═══ EXERCISE DATA
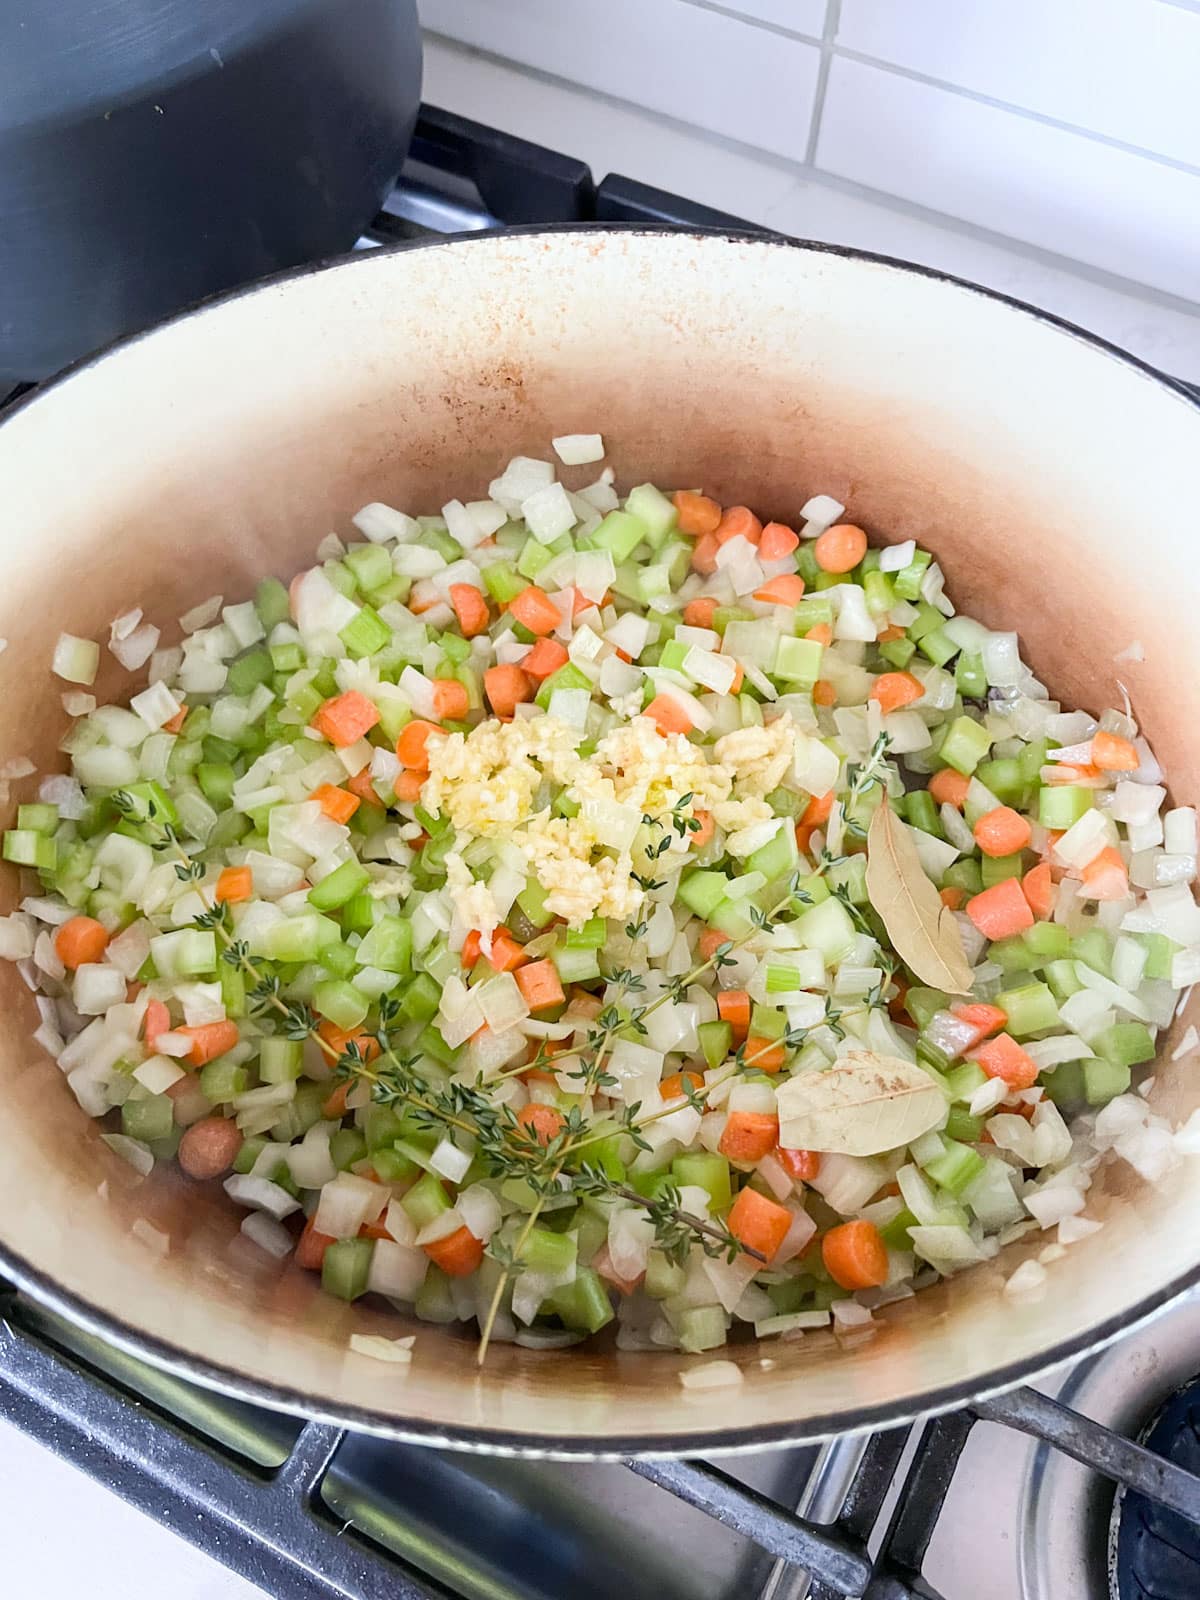 Veggies in a dutch oven cooking on a stove.
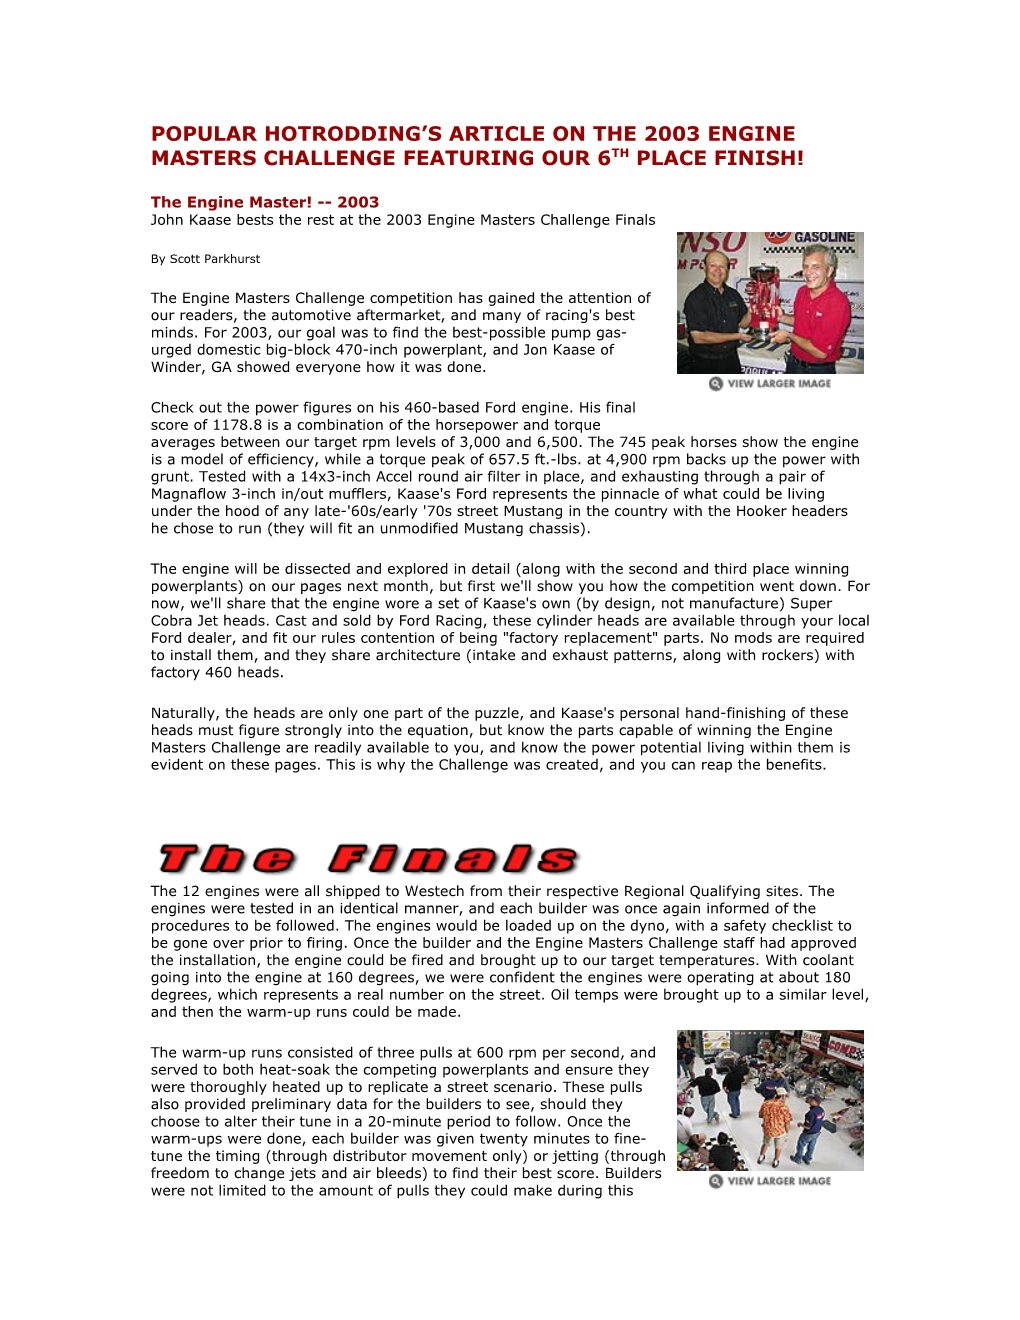 Popular Hotrodding S Article on the 2003 Engine Masters Challenge Featuring Our 6Th Place Finish
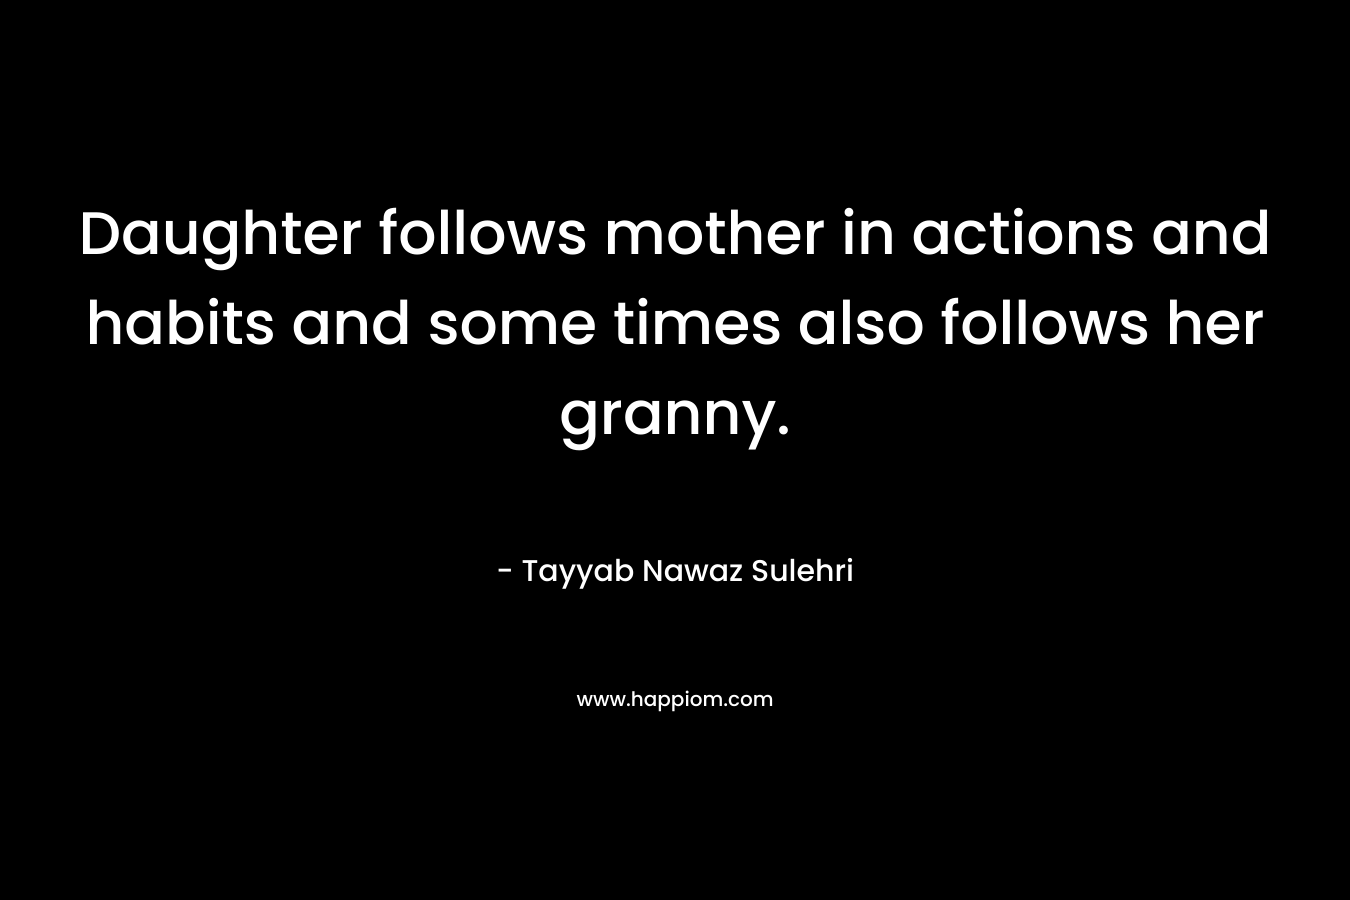 Daughter follows mother in actions and habits and some times also follows her granny.
══════
## ACTION ITEM
Output the full material exactly as given, without its pictures.

## EXERCISE SOLUTION
 Veggies in a dutch oven cooking on a stove.
 Popular Hotrodding S Article on the 2003 Engine Masters Challenge Featuring Our 6Th Place Finish
 Daughter follows mother in actions and habits and some times also follows her granny.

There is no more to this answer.